China will continue to face trade frictions in 2007 despite the government's cooling measures, says a report by the Chinese Academy of Sciences (CAS).
Exports will rise steadily and rapidly, notably in sectors such as textiles and televisions sets where China is highly competitive despite a slow-down in the long term, said CAS researcher Wang Taoyang, the chief compiler of the report.
Emerging fields where China has showed strength in recent years like iron and steel, information technology equipment, automobiles and the chemical industry will become new tension points in which developed nations find it easier to launch protection measures, such as changing technical standards.

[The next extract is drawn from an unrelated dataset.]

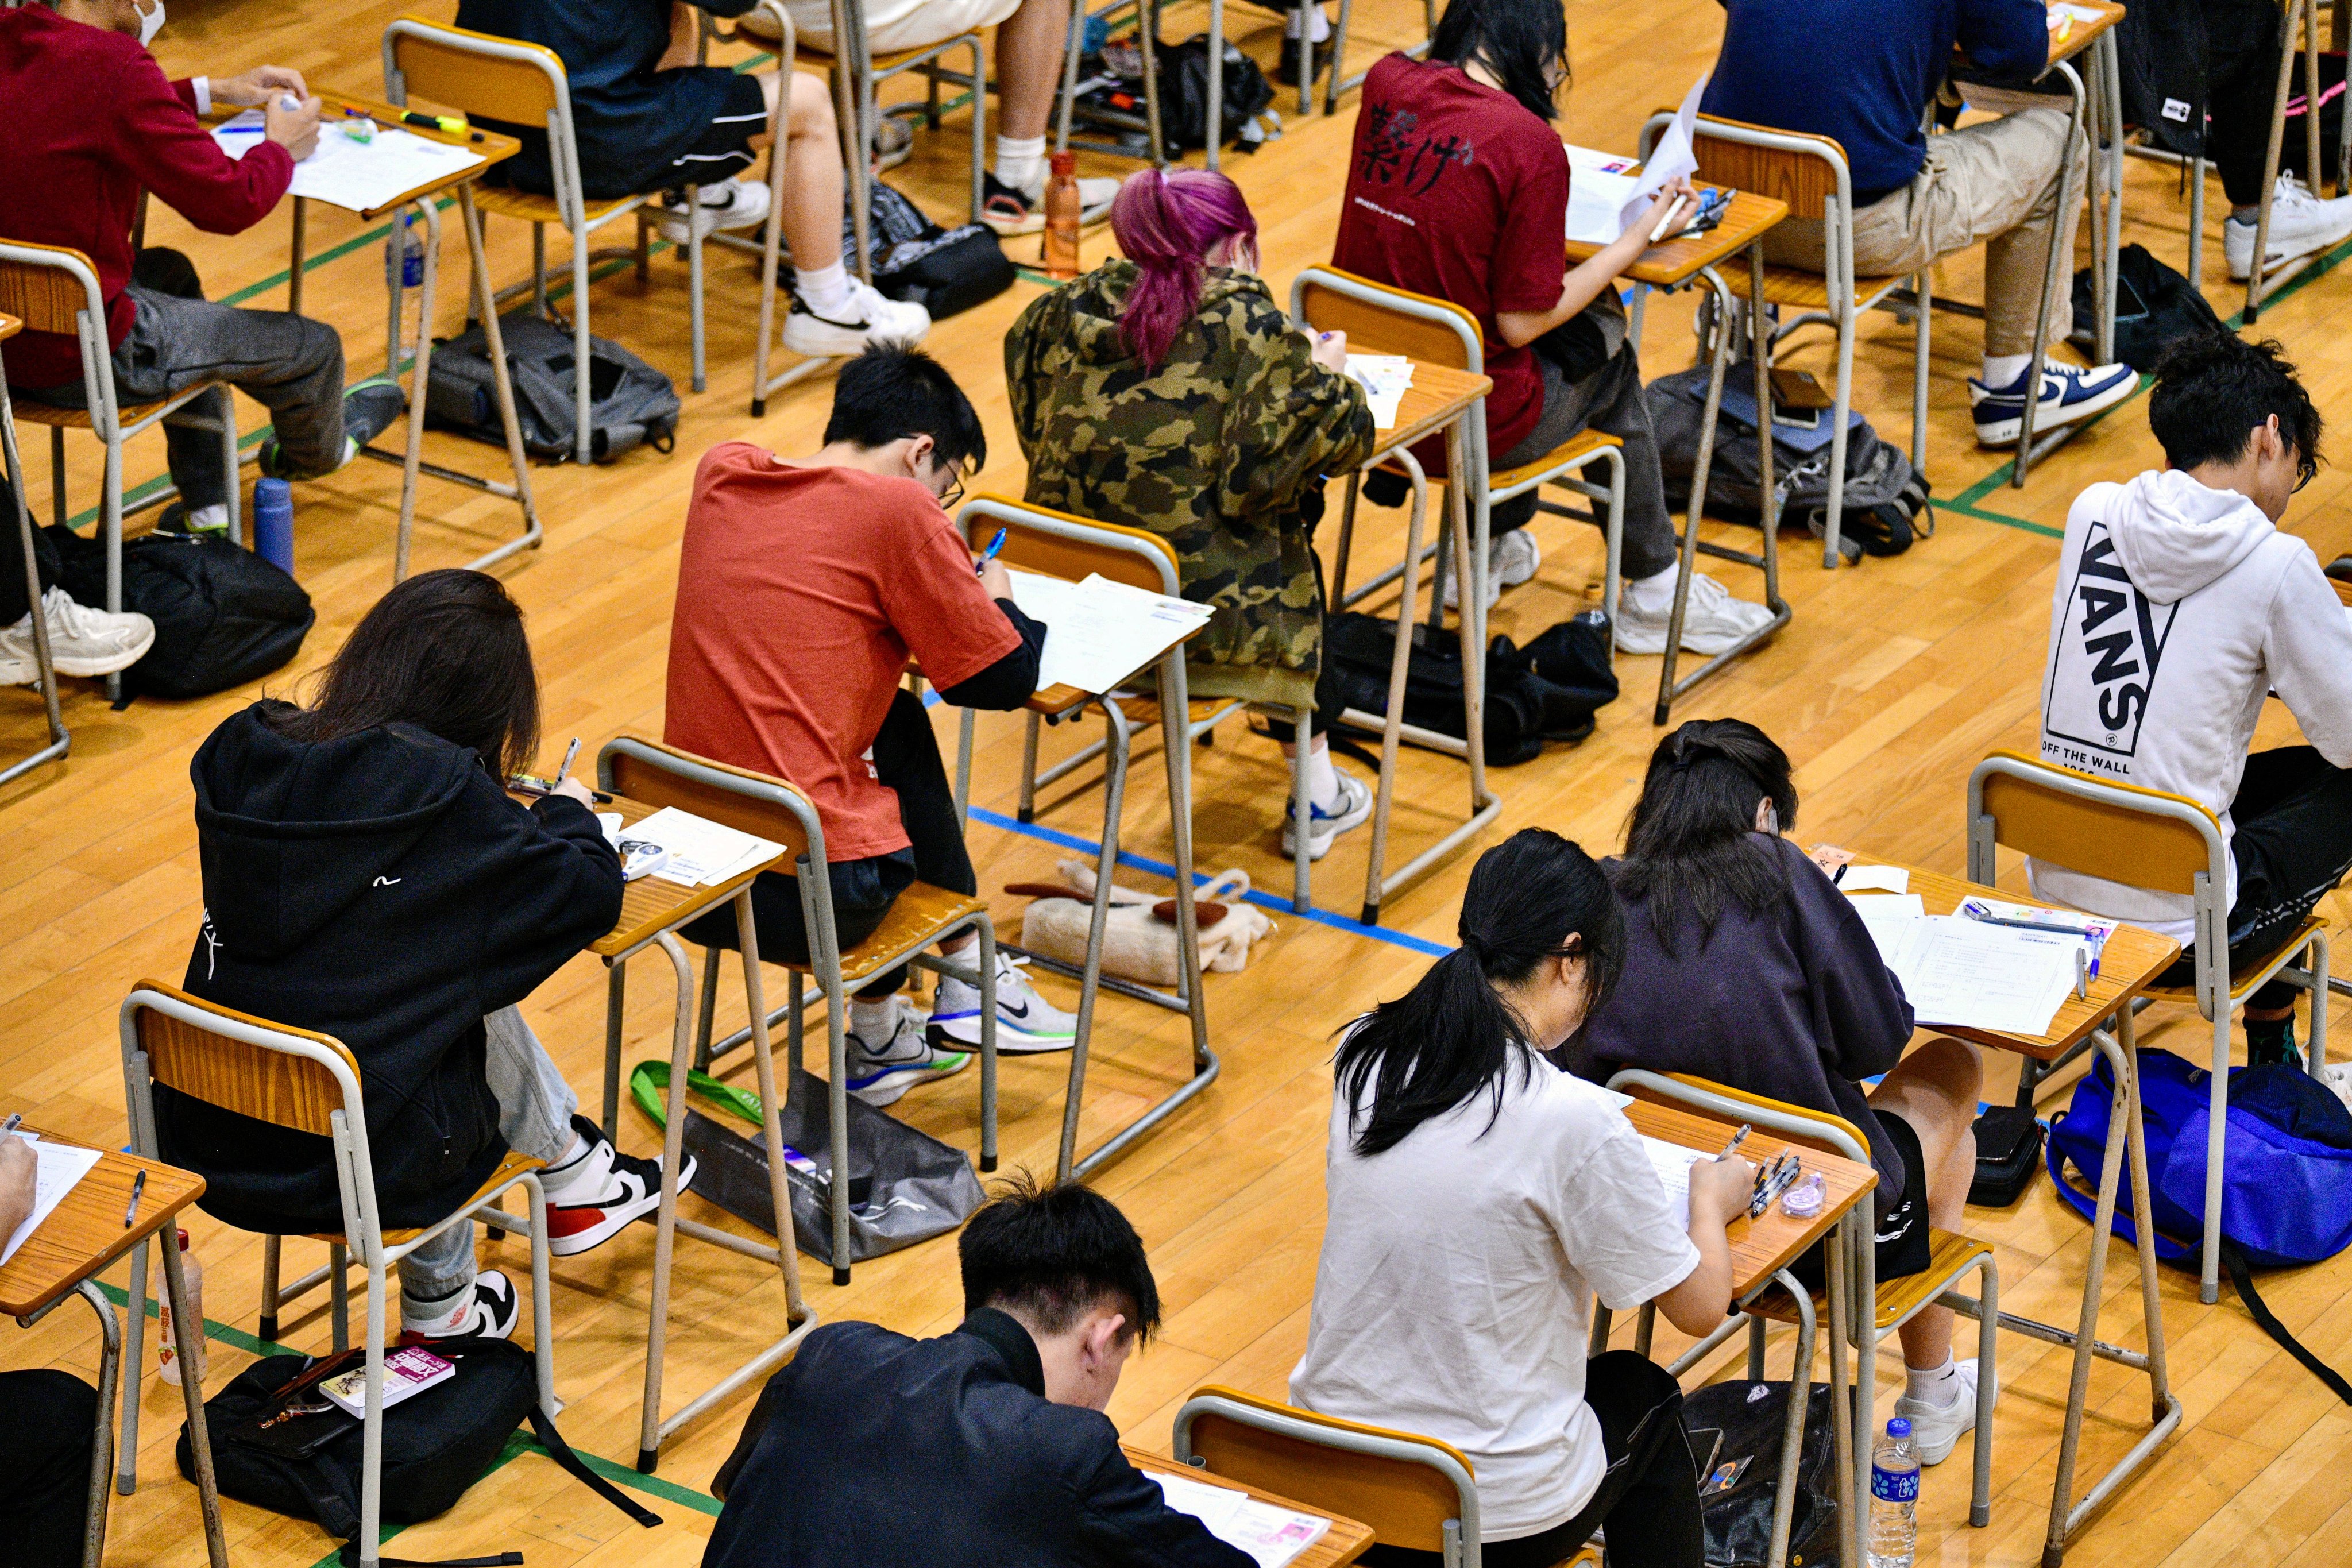 A test under way at a school in Tai Po. Examination personnel are prohibited from reproducing or publishing related content without approval. Photo: Handout

Trade disputes with developing countries such as the Czech Republic, Turkey, Ukraine, Mexico and Brazil will possibly occur due to their overlapping strengths in manufacturing and lack of complementary economic structures.
Official figures show China's aggregate trade surplus surged to US$156.52 billion in the year to November 2006, dwarfing the US$102 billion for the whole of 2005 despite the government's efforts to balance payments.
The government has not released the December figures and Xinhua economic analysts predict the trade surplus is expected to break US$200 billion in 2006.
Wang said the country should attach equal importance to stimulating overseas and domestic demand to support the sustainable economic development.
The country should quicken the pace of improving the market-based economic system to meet WTO rules and enhance its legal framework, he said.